Governor Jerry Brown and Democrats who run the California Legislature won’t reach an agreement over his plan to curb public-employee pension costs before lawmakers break for vacation, according to a Brown spokesman.
Last year, the Democratic governor proposed pushing state workers into a hybrid system combining elements of 401(k)-style savings plans commonly used by businesses with traditional defined-benefit pensions. Brown, 74, also wants to raise the retirement age to 67 from 55 for most employees and to ban practices known as pension spiking and double dipping.

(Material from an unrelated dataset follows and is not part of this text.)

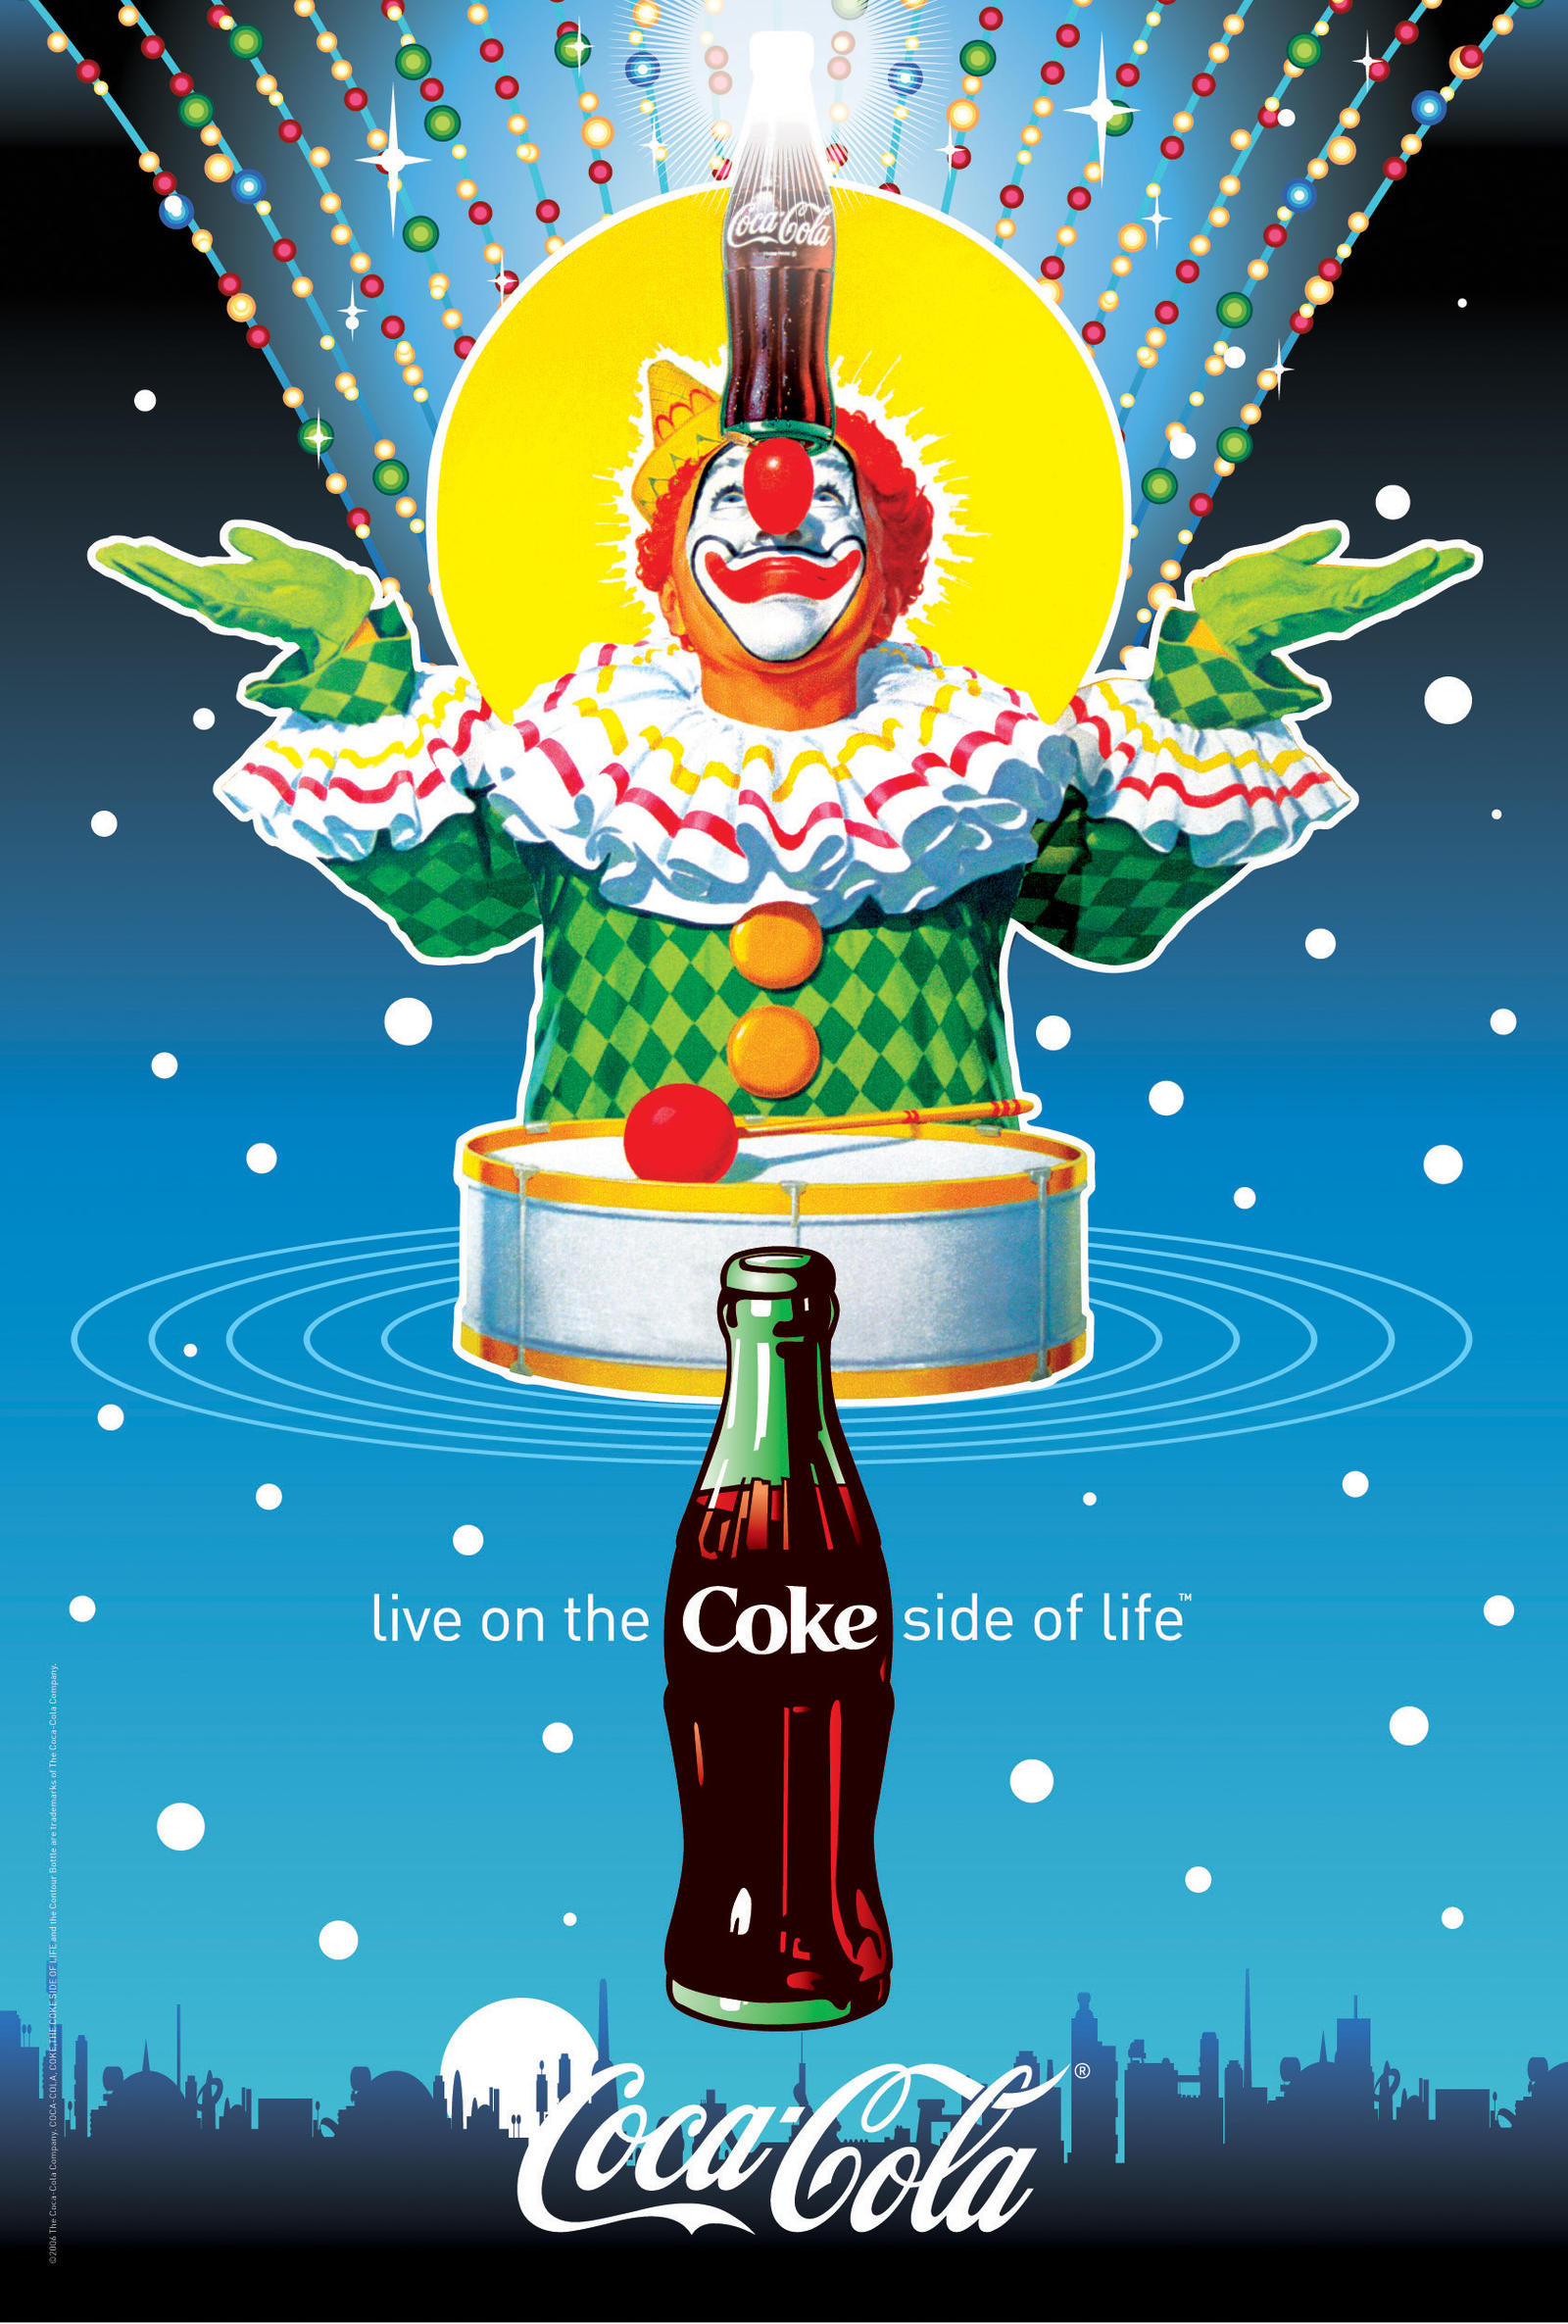 Coca-Cola Circus Poster by Coca-Cola-ArtGallery

Democrats in the Legislature have resisted some of the changes. Lawmakers are set to begin a monthlong break July 6. Brown wants to sign a pension measure soon so he can use it in his pitch to voters for his initiative to raise income and sales taxes temporarily with a ballot measure in November. If the proposal is rejected, it would trigger $6 billion in cuts.
“The governor could not agree to some of the changes in the pension counterproposal shared by the Legislature,” Gil Duran, a Brown spokesman, said today in a statement. “These complex issues cannot be resolved in two days and he has asked the Legislature to continue to work with him over the recess to resolve the substantial differences.”
Rising retiree obligations are straining the budgets of states and cities across the U.S., where leaders are still coping with the revenue effects of the longest recession since the Great Depression. A weak recovery has churned up a backlash against public-worker pay and benefits nationwide as taxpayers’ job prospects wilt and retirement nest-eggs shrink.